-- Problem --
All lines at and after the one containing "Personnel Records of", up to the end of the listing below, are to be printed exactly, with the pictures omitted.
[[ Supplied material, beginning ]]
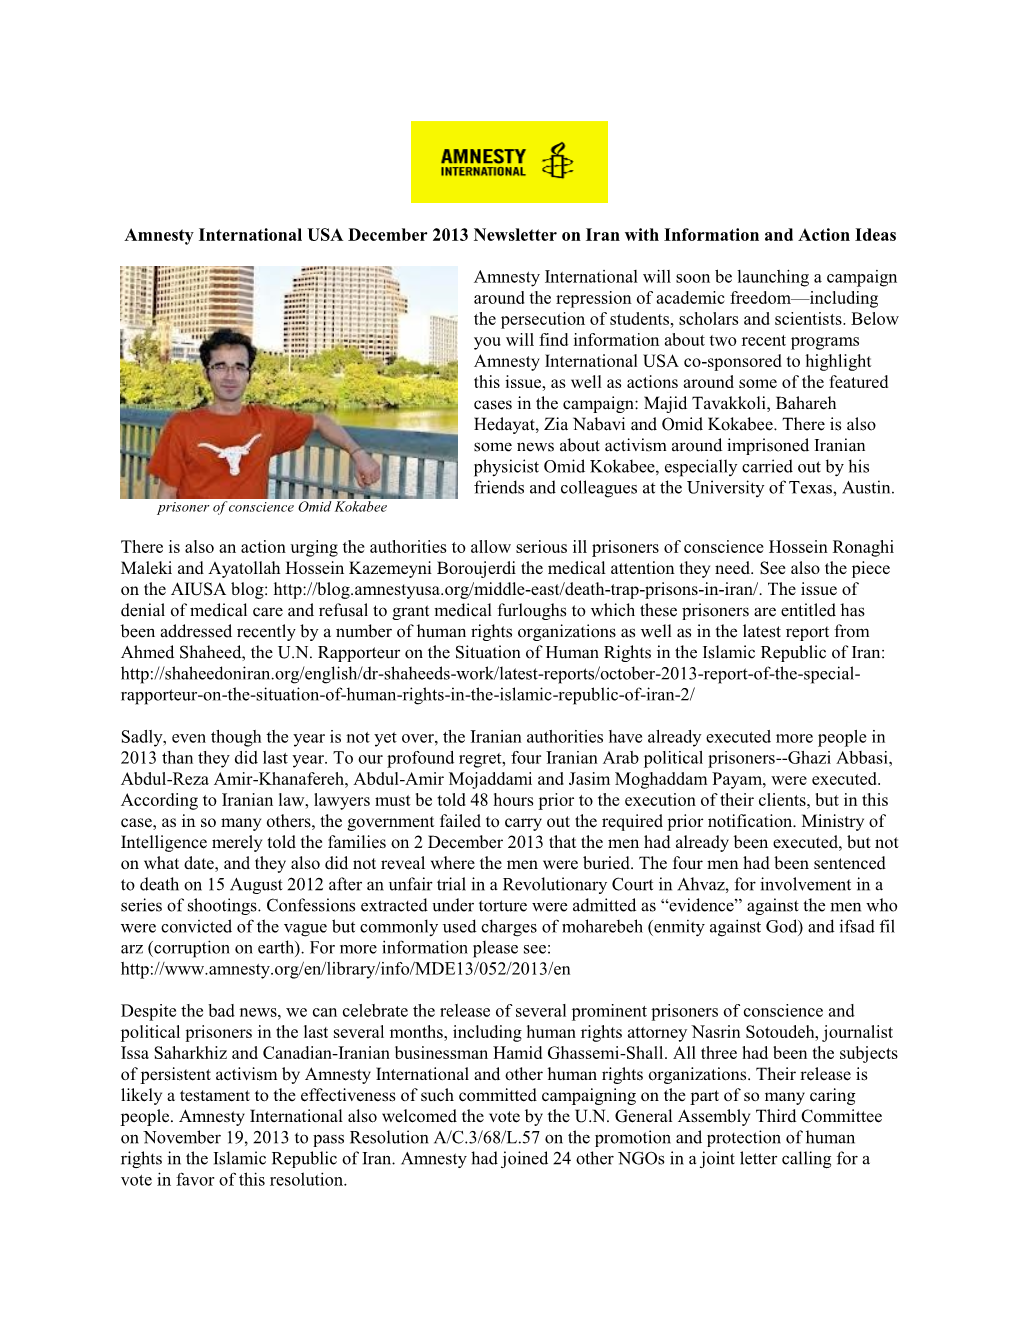 Amnesty International USA December 2013 Newsletter on Iran with Information and Action Ideas
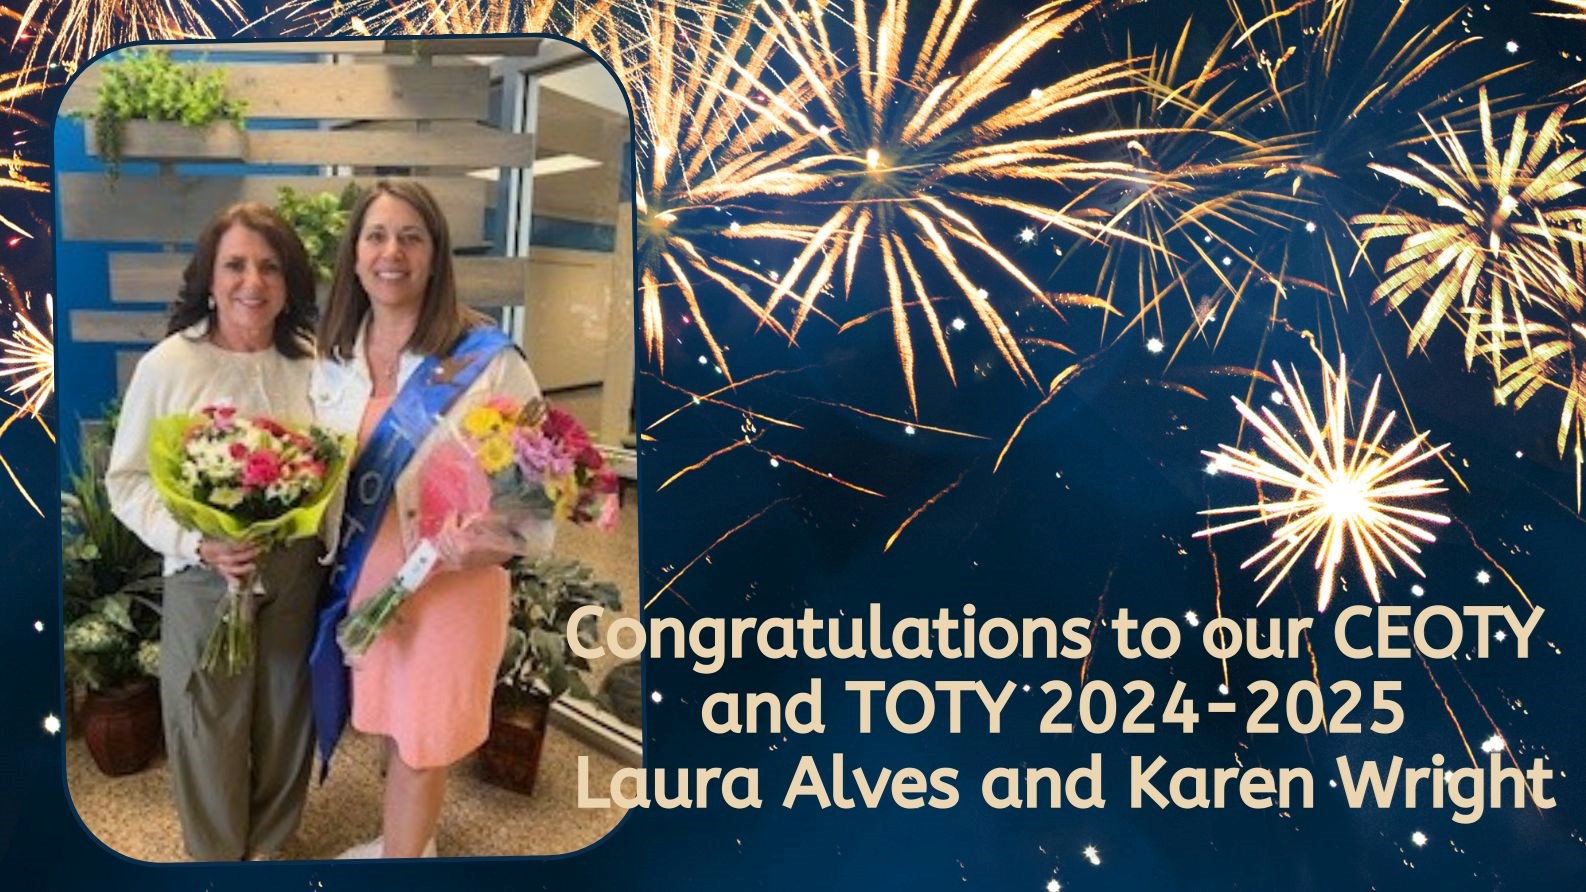 Congratulations to our CEOTY and TOTY 2024-2025 Laura Alves and Karen Wright
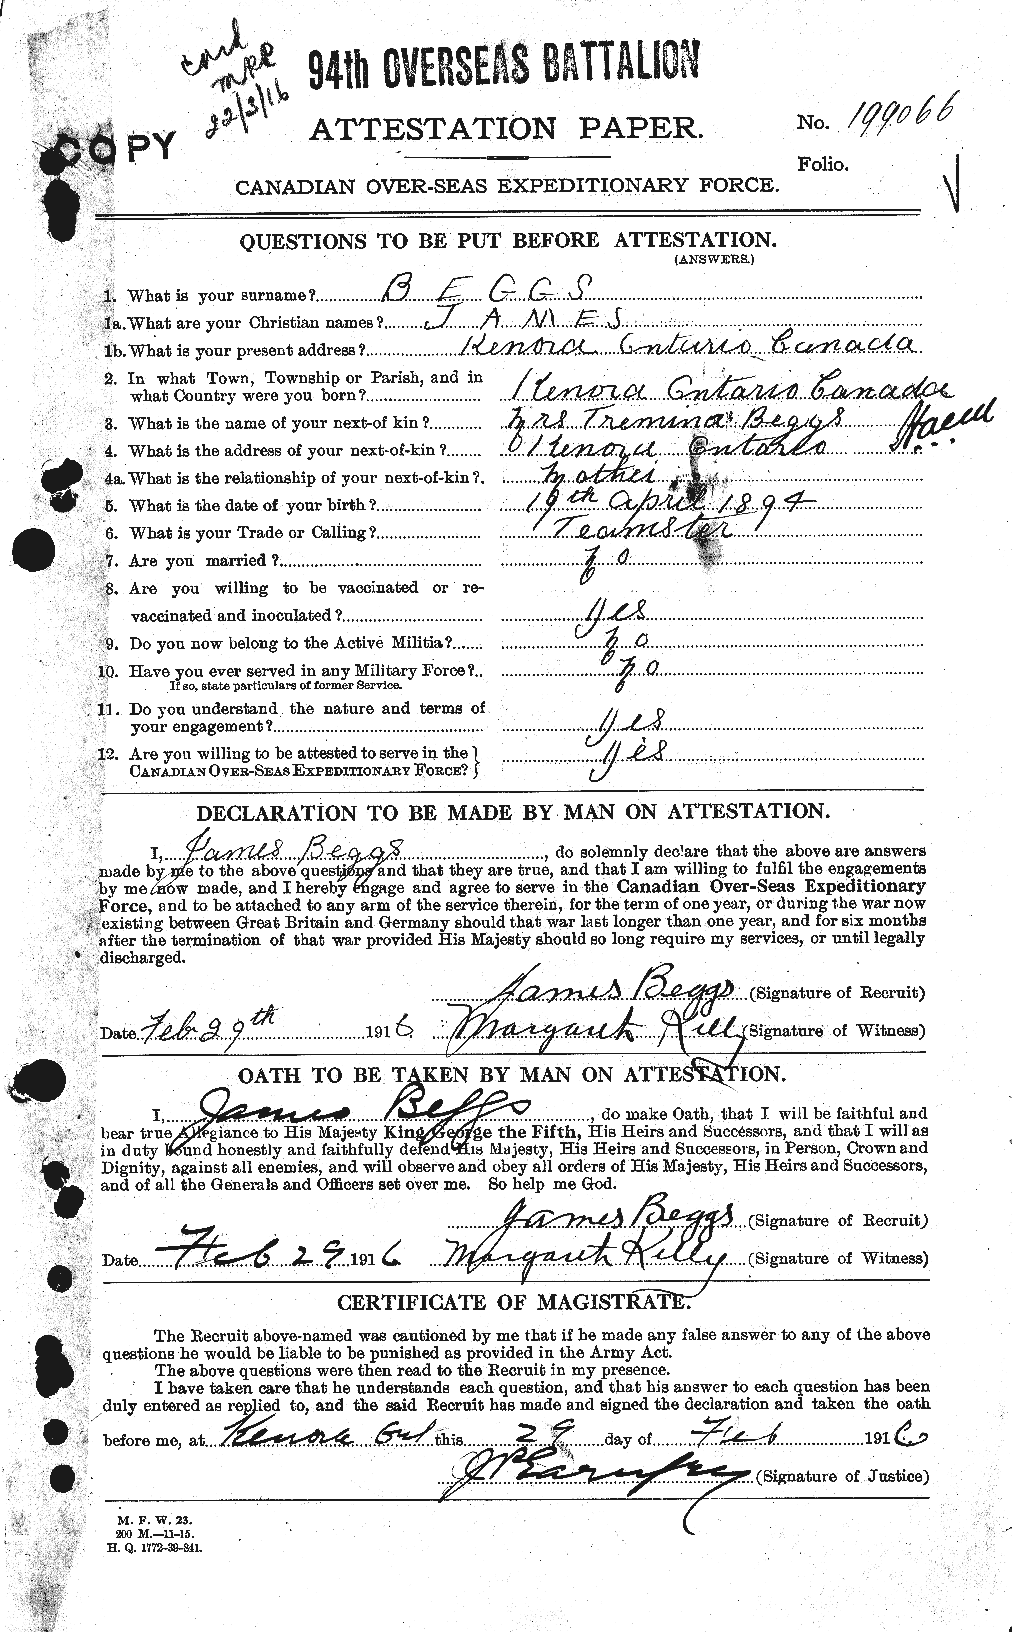 Personnel Records of the First World War - CEF 232383a
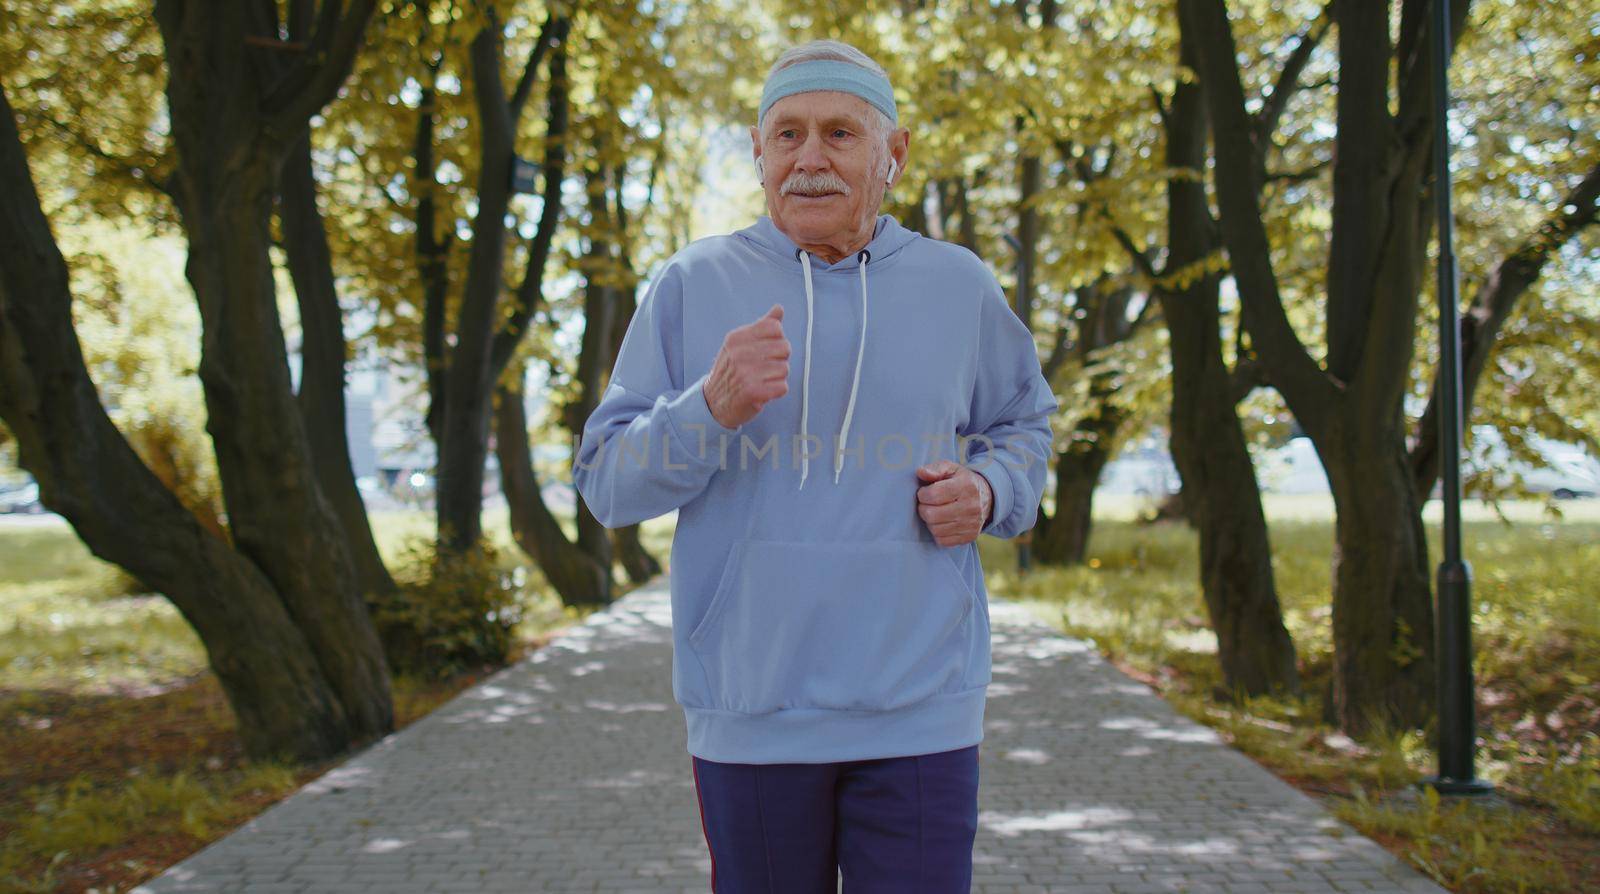 Athletic fitness senior elderly sport runner man training, listening music in earphones. Workout cardio outside in park at morning. Grandfather enjoying healthy lifestyle. Active retired mature people
[[ Supplied material, end ]]
-- Written solution --
 Personnel Records of the First World War - CEF 232383a
 Athletic fitness senior elderly sport runner man training, listening music in earphones. Workout cardio outside in park at morning. Grandfather enjoying healthy lifestyle. Active retired mature people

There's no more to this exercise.